*** Opening of Data section ***

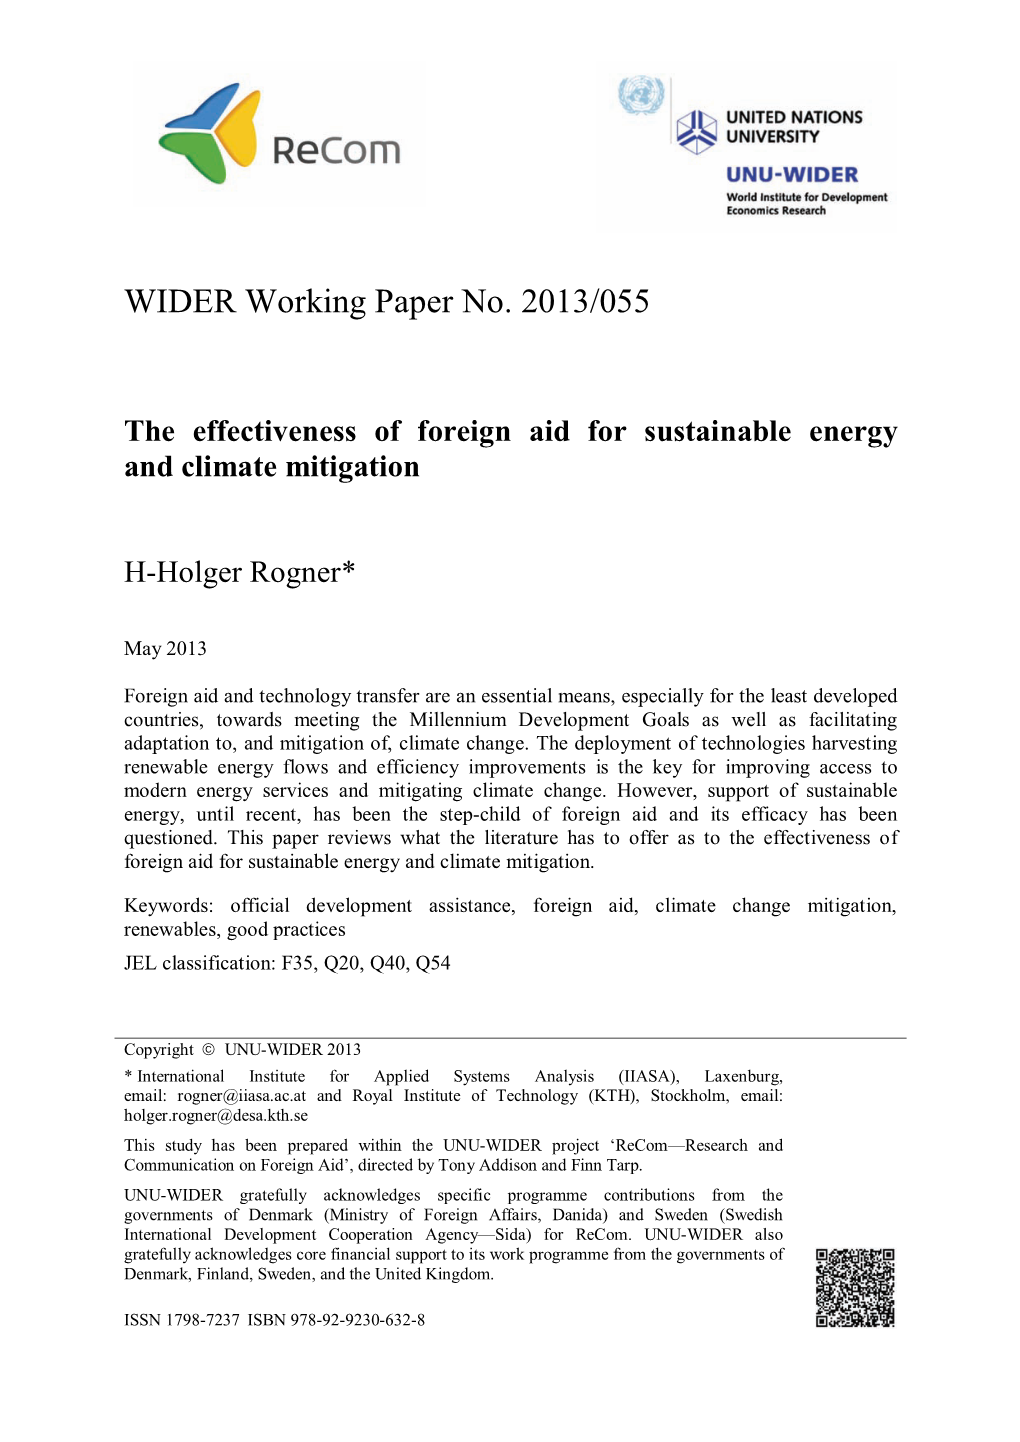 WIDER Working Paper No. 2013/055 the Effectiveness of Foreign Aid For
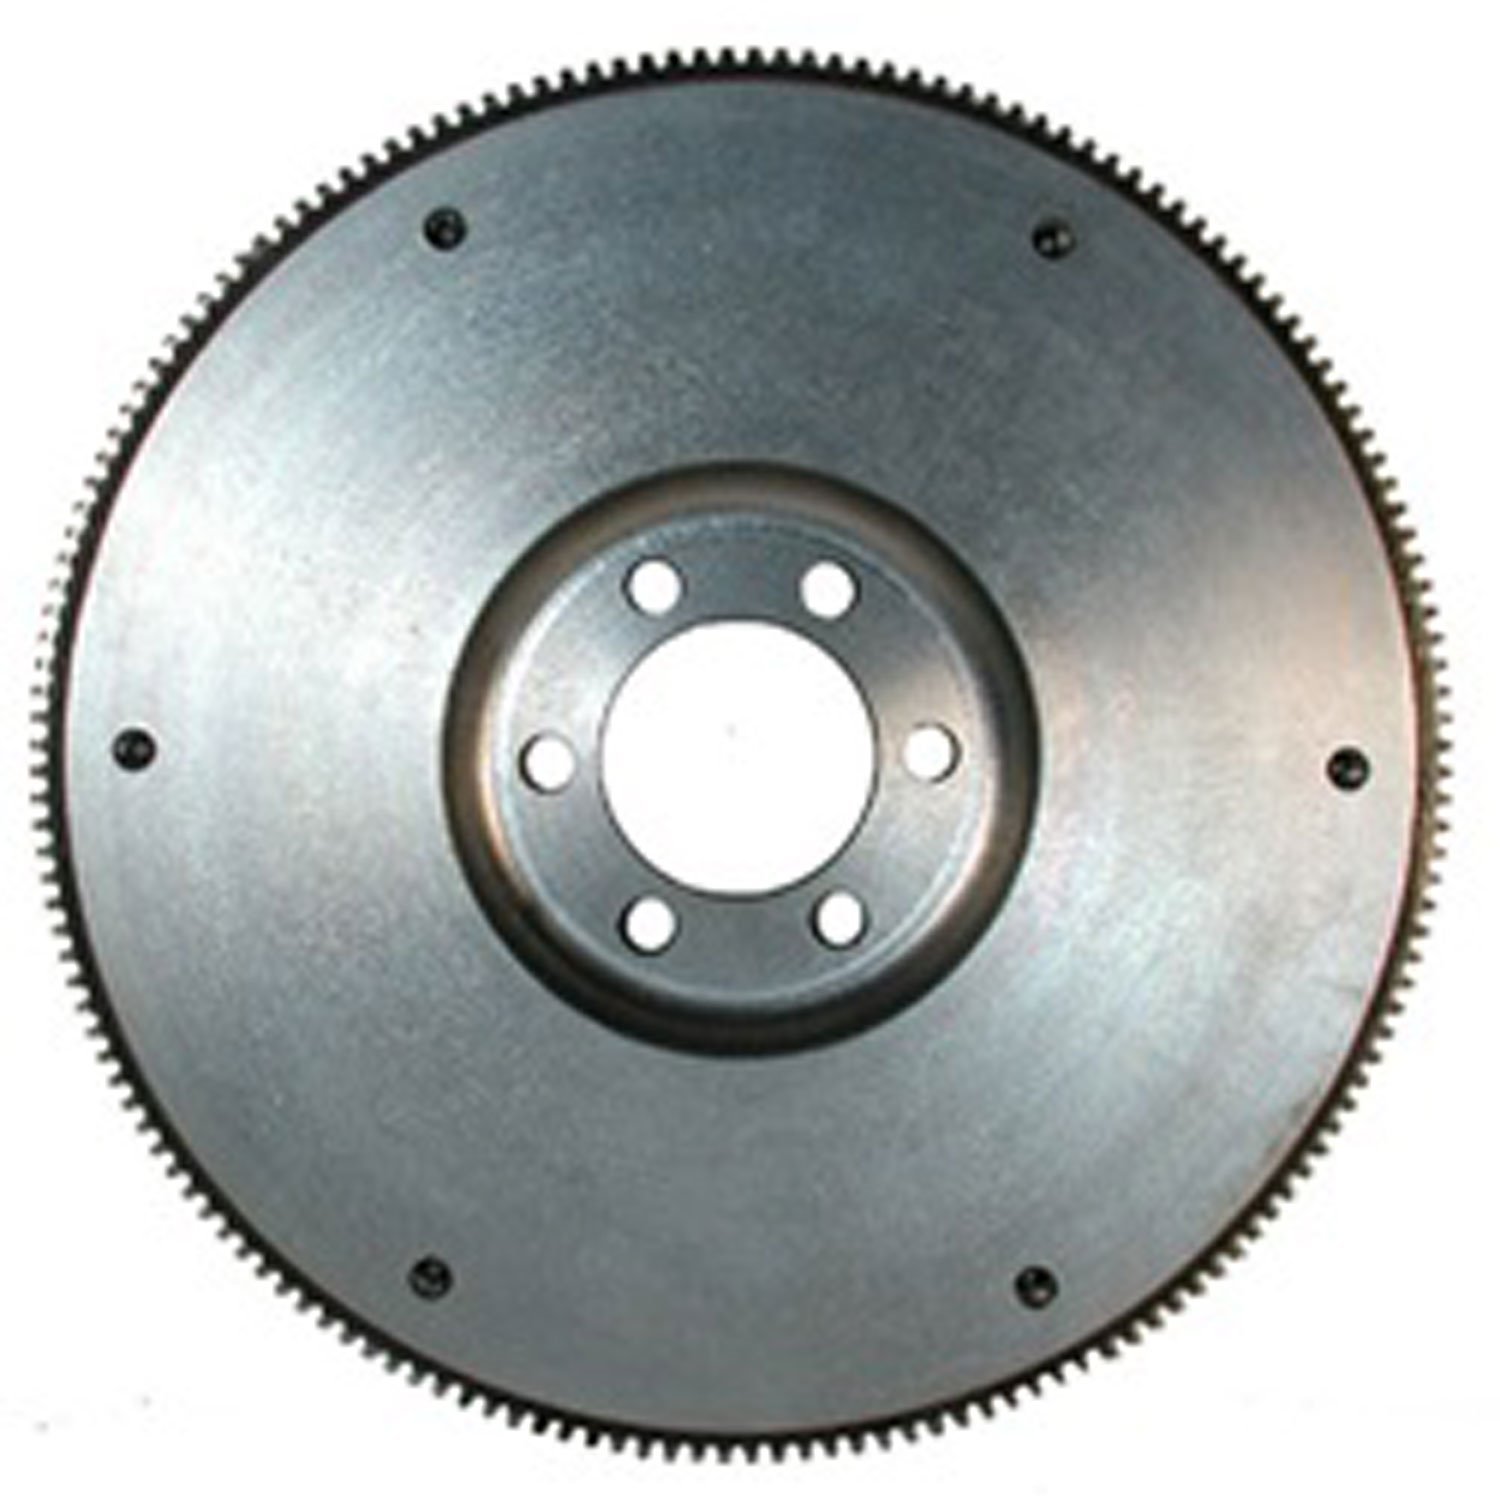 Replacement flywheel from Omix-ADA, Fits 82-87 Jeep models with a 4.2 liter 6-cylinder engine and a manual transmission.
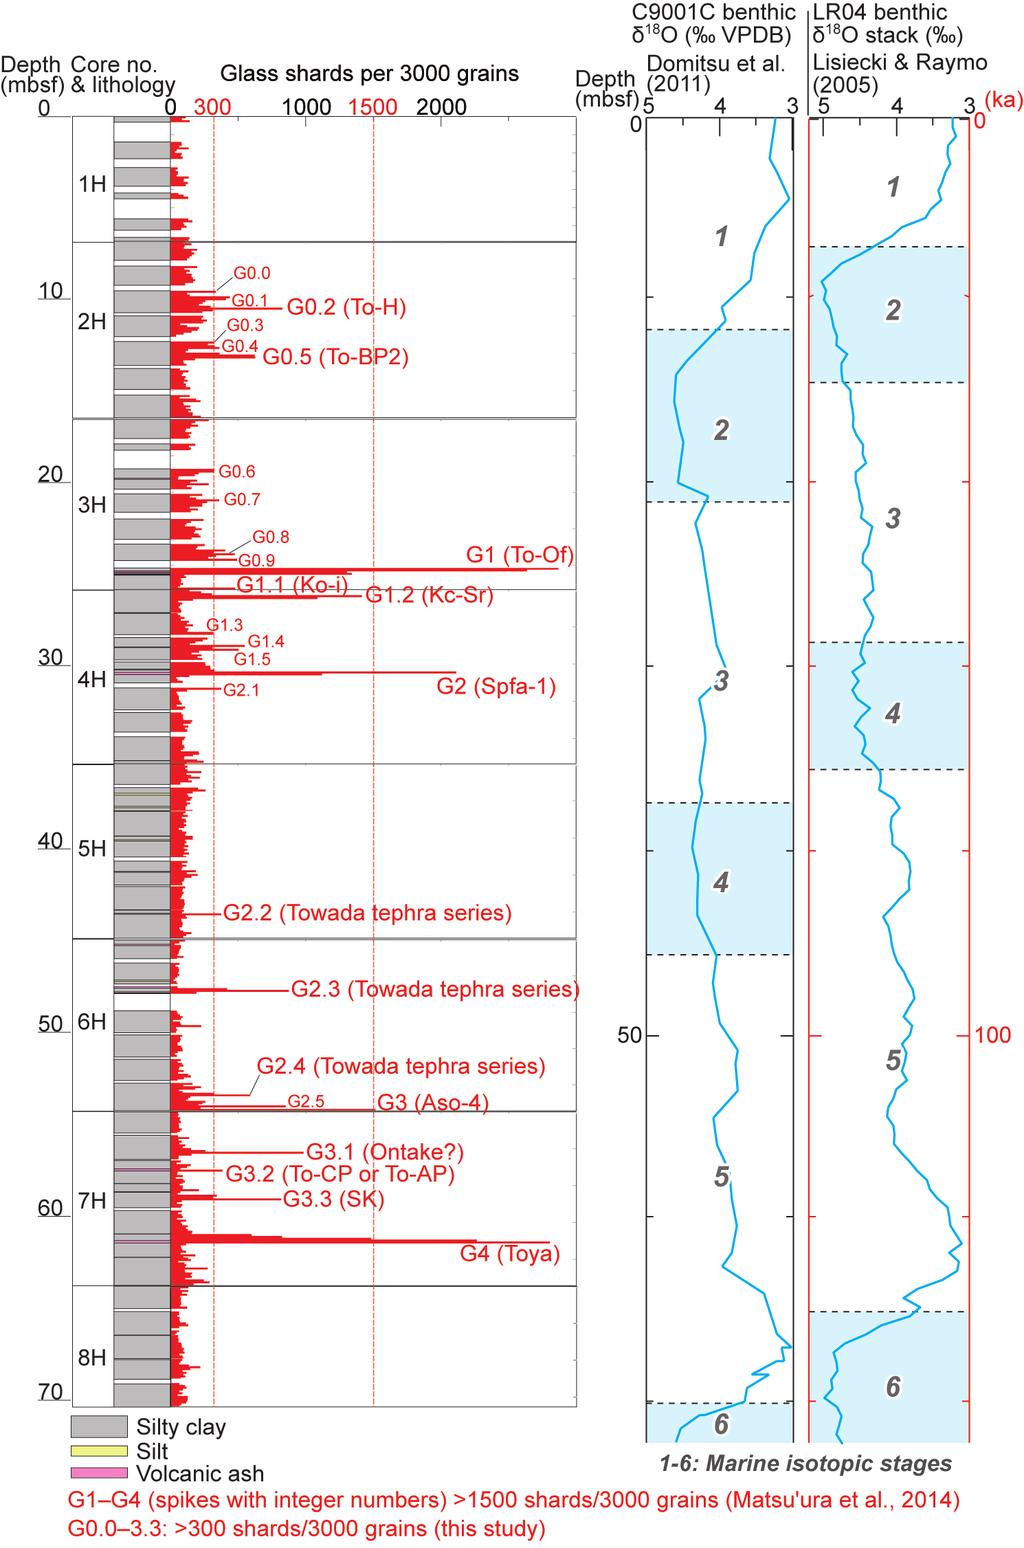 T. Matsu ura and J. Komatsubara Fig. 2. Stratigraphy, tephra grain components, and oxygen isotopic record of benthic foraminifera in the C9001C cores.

*** Close of Data section ***

**Work to complete:**
Only the pictures may be dropped when you copy the data above; everything else stays exact.

**Reply to the task:**
 WIDER Working Paper No. 2013/055 the Effectiveness of Foreign Aid For
 Replacement flywheel from Omix-ADA, Fits 82-87 Jeep models with a 4.2 liter 6-cylinder engine and a manual transmission.
 T. Matsu ura and J. Komatsubara Fig. 2. Stratigraphy, tephra grain components, and oxygen isotopic record of benthic foraminifera in the C9001C cores.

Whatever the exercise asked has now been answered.